The lab’s 36-acre site has its roots in the late 19th century, when lumberjacks returned from the nearby woods with an unusual illness known as “the black measles.” State officials established a modest outpost, which the federal government purchased in 1932, to investigate what was later identified as Rocky Mountain spotted fever.

Inside today’s facility, some of the world’s top scientists investigate nature’s toughest challenges. Research conducted here led to the first vaccine for Ebola, which was deployed in the West African outbreak several years ago.

Cathryn Haigh, 39, a specialist in rare neurodegenerative diseases, accepted a position at the lab in 2017, moving here from Melbourne, Australia. She grows “mini-brains” from stem cells, which allows her to study maladies such as Creutzfeldt-Jakob disease, a fatal brain disorder.

“I felt Melbourne was just a very anonymous city,” said Haigh, who was raised in southwest England. “You were very much lost as just another random person in a crowd. One of the things I love here is the sense of community, the human connection.”

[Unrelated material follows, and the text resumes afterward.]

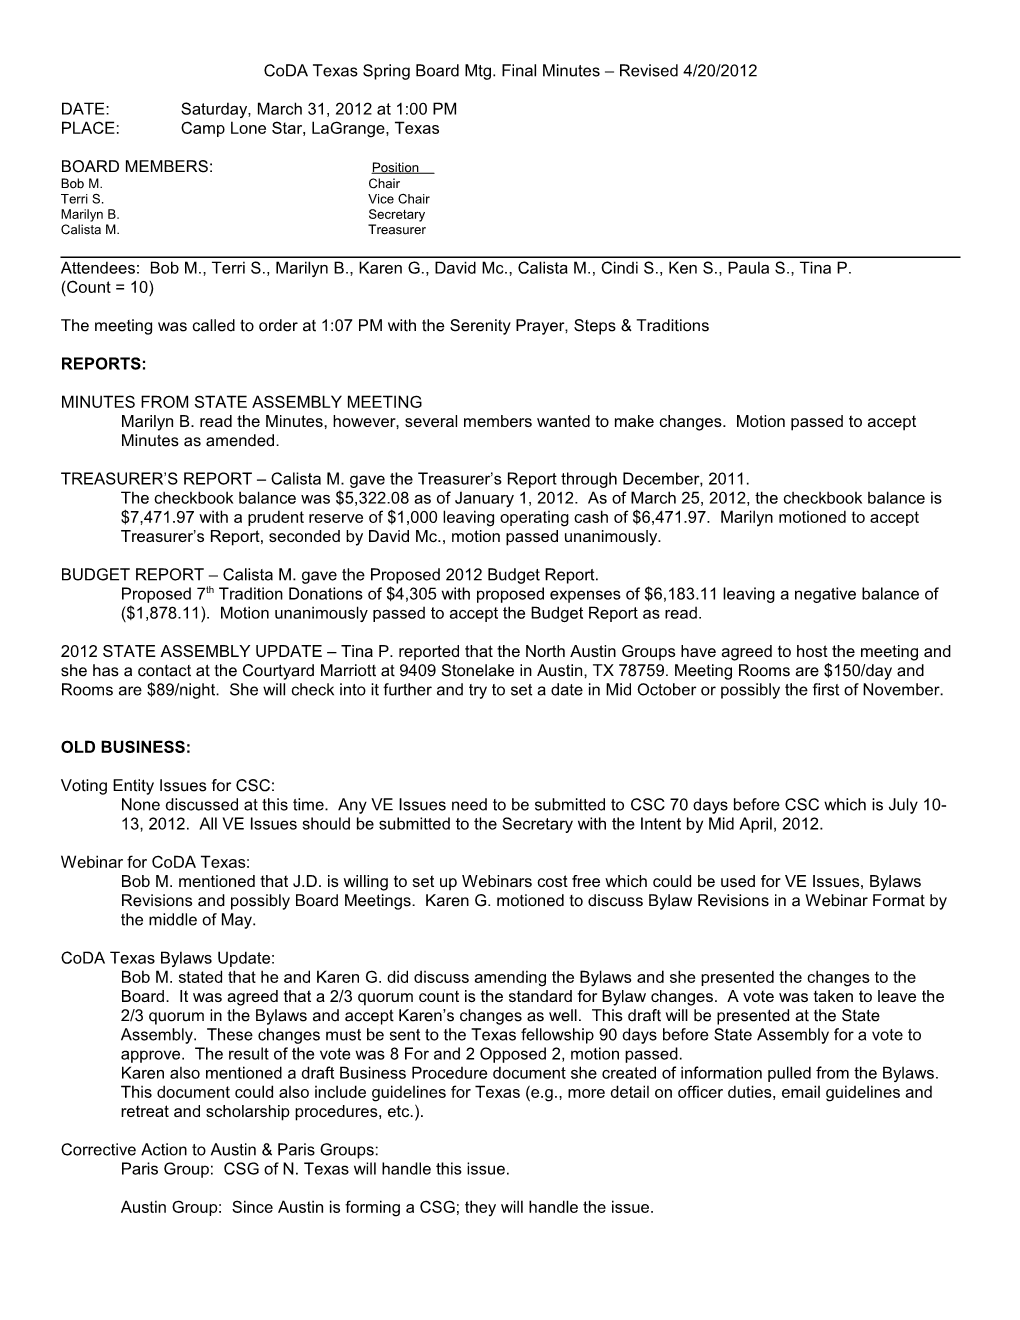 Coda Texas Spring Board Mtg. Final Minutes Revised 4/20/2012

People have remarked on the Bitterroot’s natural beauty since 1805, when explorers Lewis and Clark passed through on their way to the Pacific Ocean. Hamilton abuts one of the largest wilderness areas in the country, home to hiking, skiing and fly fishing, and enjoys a mild climate that has earned the valley the sobriquet “Montana’s banana belt.”

The outdoors is more than a scenic backdrop. It’s a pillar of the local economy.

Marshall Bloom, associate director of the federal lab, said Hamilton’s surroundings make recruiting top talent easy. Nationwide, since the recession’s end, people have been more likely to move to counties with opportunities for outdoor activities than those without them, according to a January study by Headwaters Economics.